Toyota’s robots probably can’t whip up a frittata yet, but they can whisk some eggs for you.
If you buy something from a Verge link, Vox Media may earn a commission. See our ethics statement.
Yeah, so Toyota Research Institute (TRI) used generative AI in a “kindergarten for robots” to teach robots how to make breakfast — or at least, the individual tasks needed to do so — and it didn’t take hundreds of hours of coding and errors and bug fixing. Instead, researchers accomplished this by giving robots a sense of touch, plugging them into an AI model, and then, as you would a human being, showing them how.

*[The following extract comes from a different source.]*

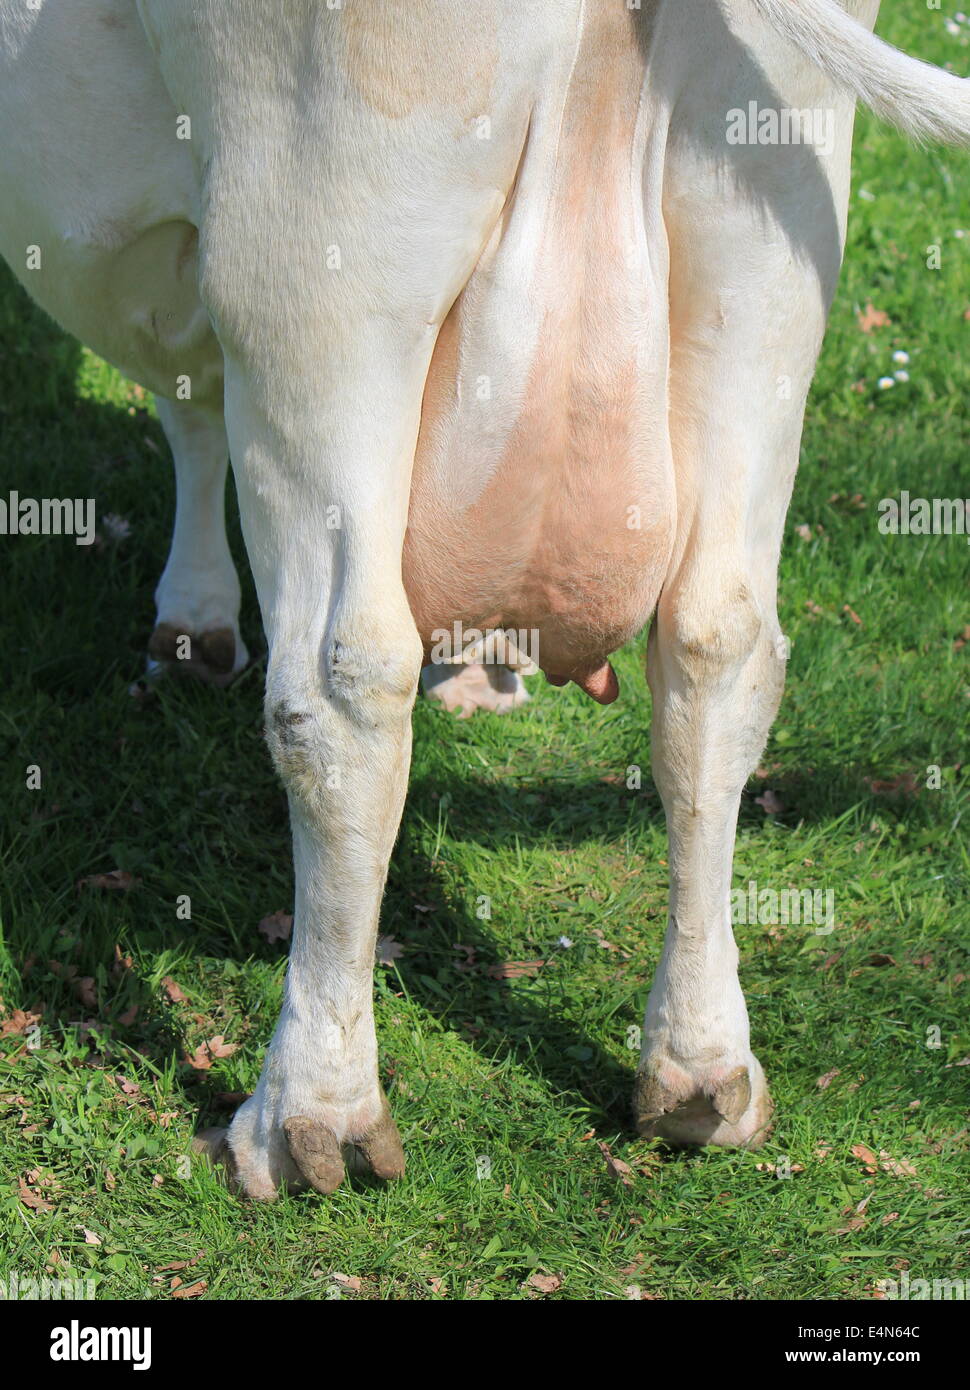 Udders of a cow Stock Photo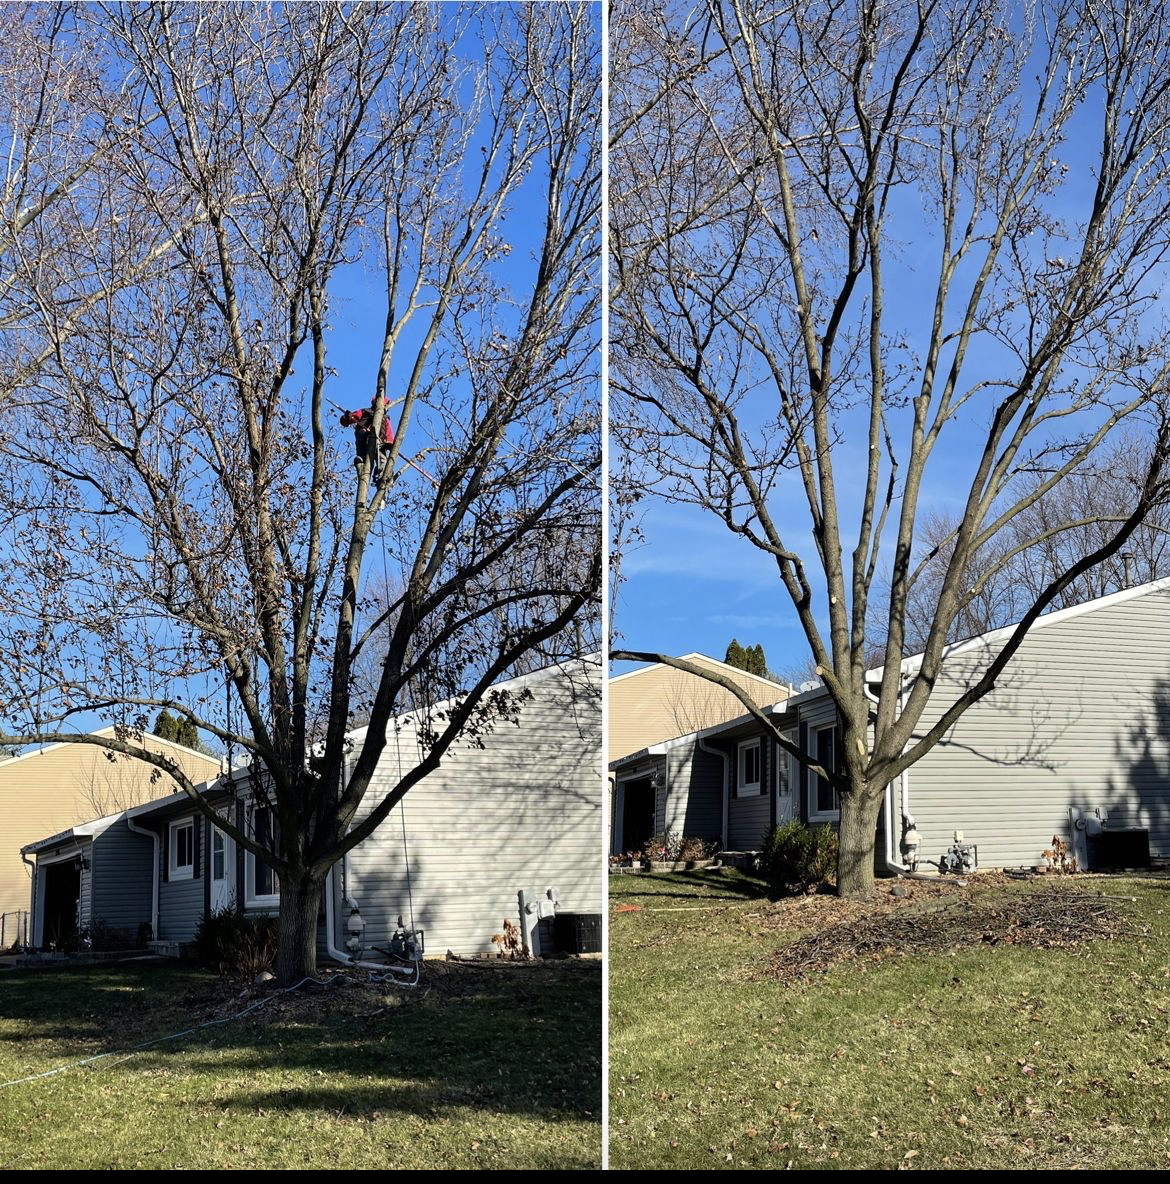 Tree trimming in St Charles IL

The sense of touch is “one key enabler,” researchers say. By giving the robots the big, pillowy thumb (my term, not theirs) that you see in the video below, the model can “feel” what it’s doing, giving it more information. That makes difficult tasks easier to carry out than with sight alone.
Ben Burchfiel, the lab’s manager of dexterous manipulation, says it’s “exciting to see them engaging with their environments.” First, a “teacher” demonstrates a set of skills, and then, “over a matter of hours,” the model learns in the background. He adds that “it’s common for us to teach a robot in the afternoon, let it learn overnight, and then come in the next morning to a working new behavior.”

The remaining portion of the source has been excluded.